### Your objective
With the pictures left out, print exactly the lines below that run from the one containing "TV stand with minor scrape (second picture)." through the one containing "Figure 1: Area".

### Data extracts

== Segment start ==

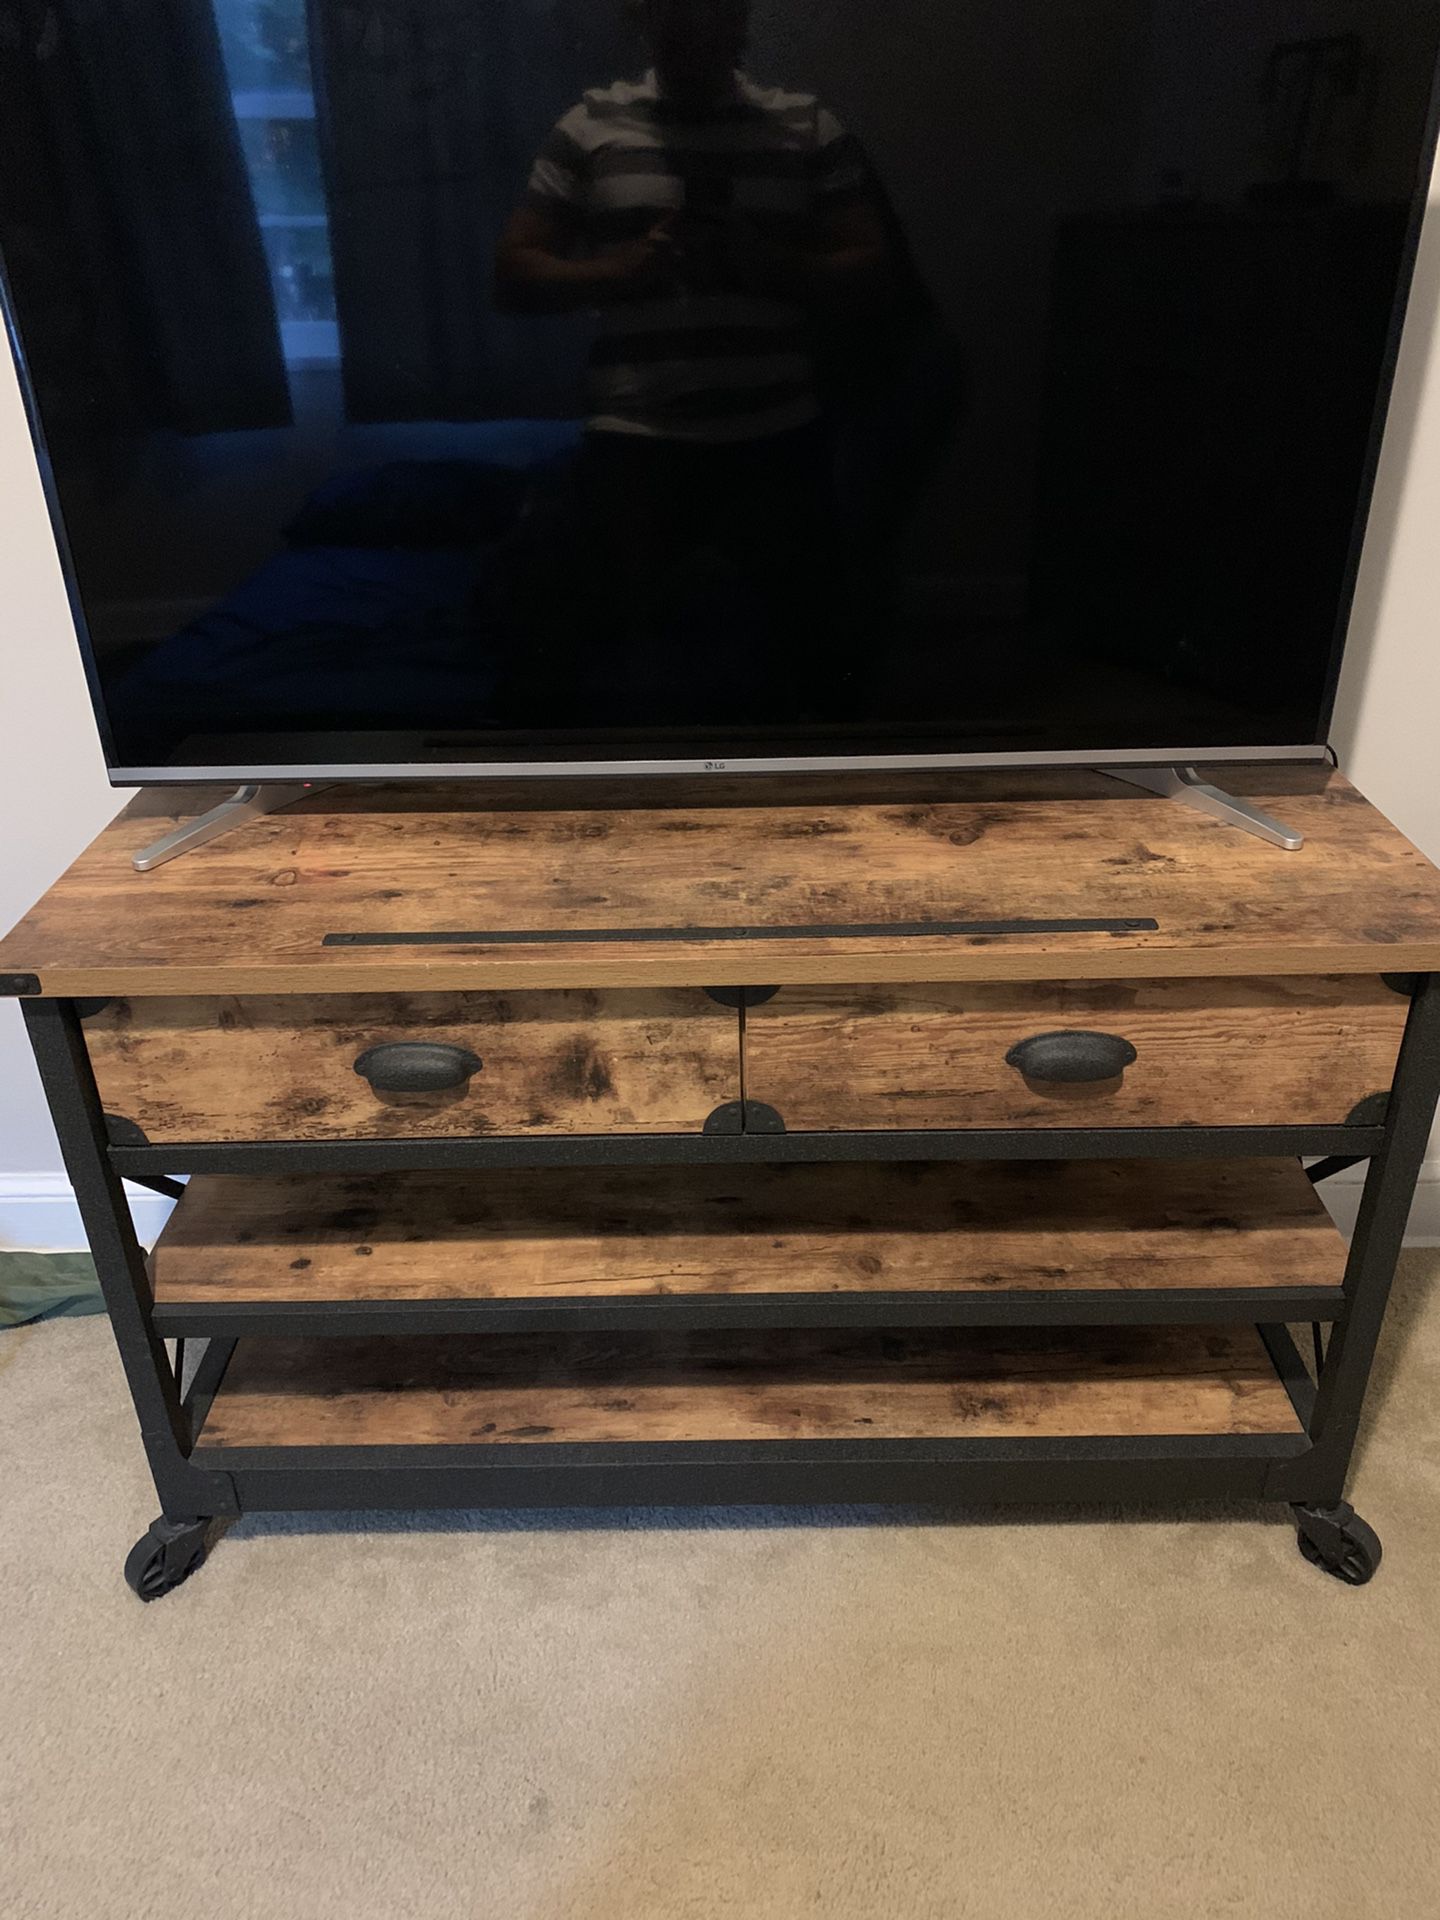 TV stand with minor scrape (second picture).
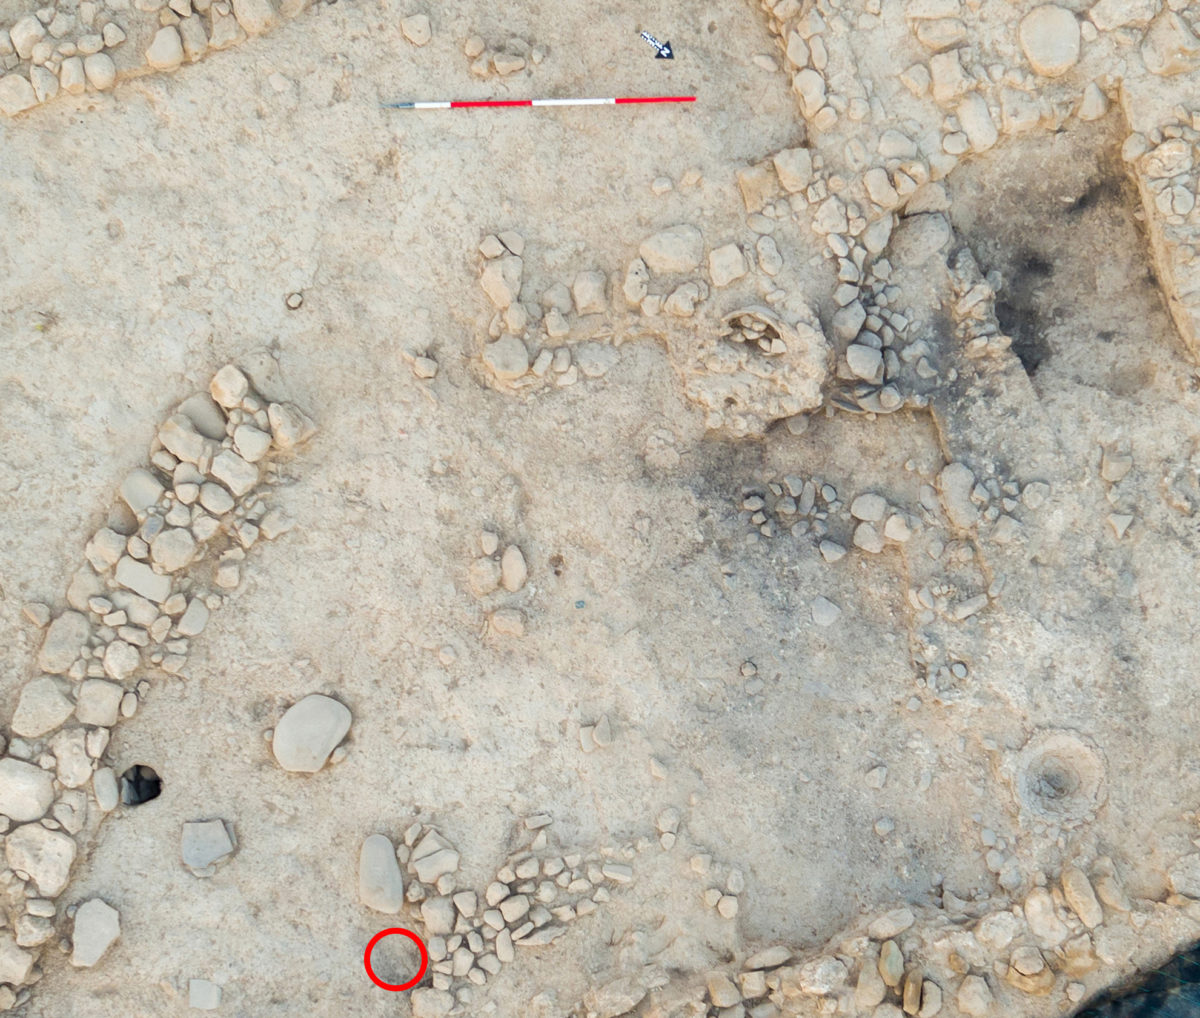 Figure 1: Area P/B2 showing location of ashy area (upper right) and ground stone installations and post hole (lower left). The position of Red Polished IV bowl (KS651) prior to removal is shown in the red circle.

== Segment end ==
== Segment start ==

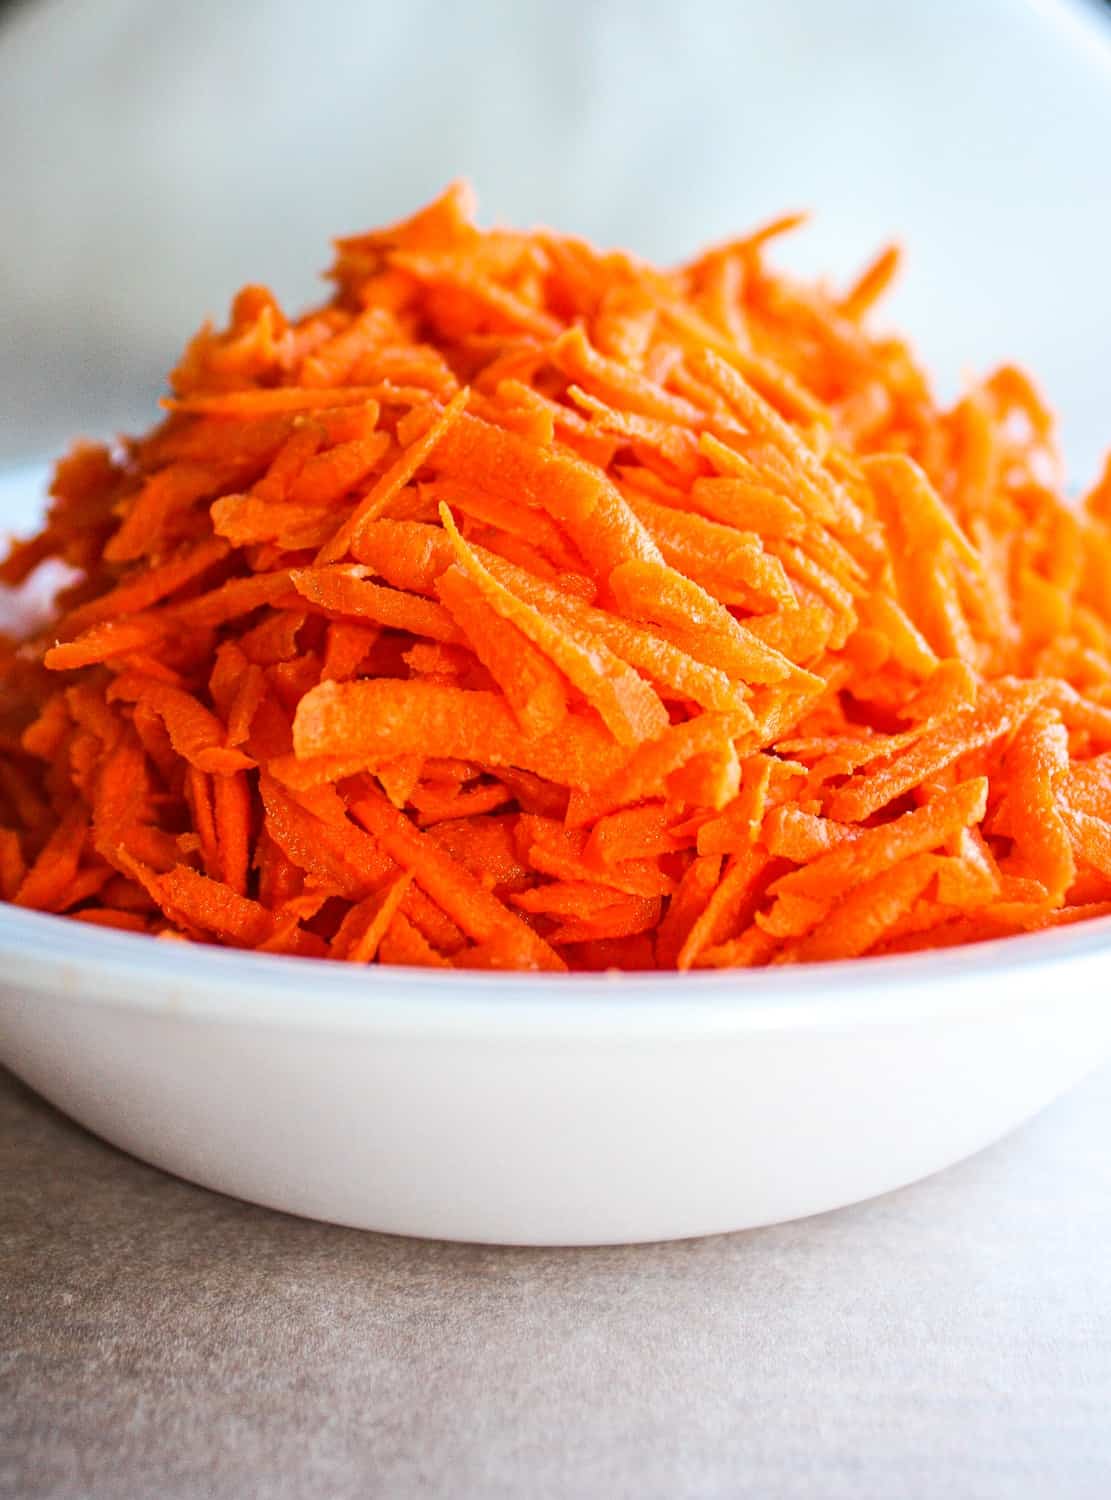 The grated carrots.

== Segment end ==

### Answer for the task
 TV stand with minor scrape (second picture).
 Figure 1: Area P/B2 showing location of ashy area (upper right) and ground stone installations and post hole (lower left). The position of Red Polished IV bowl (KS651) prior to removal is shown in the red circle.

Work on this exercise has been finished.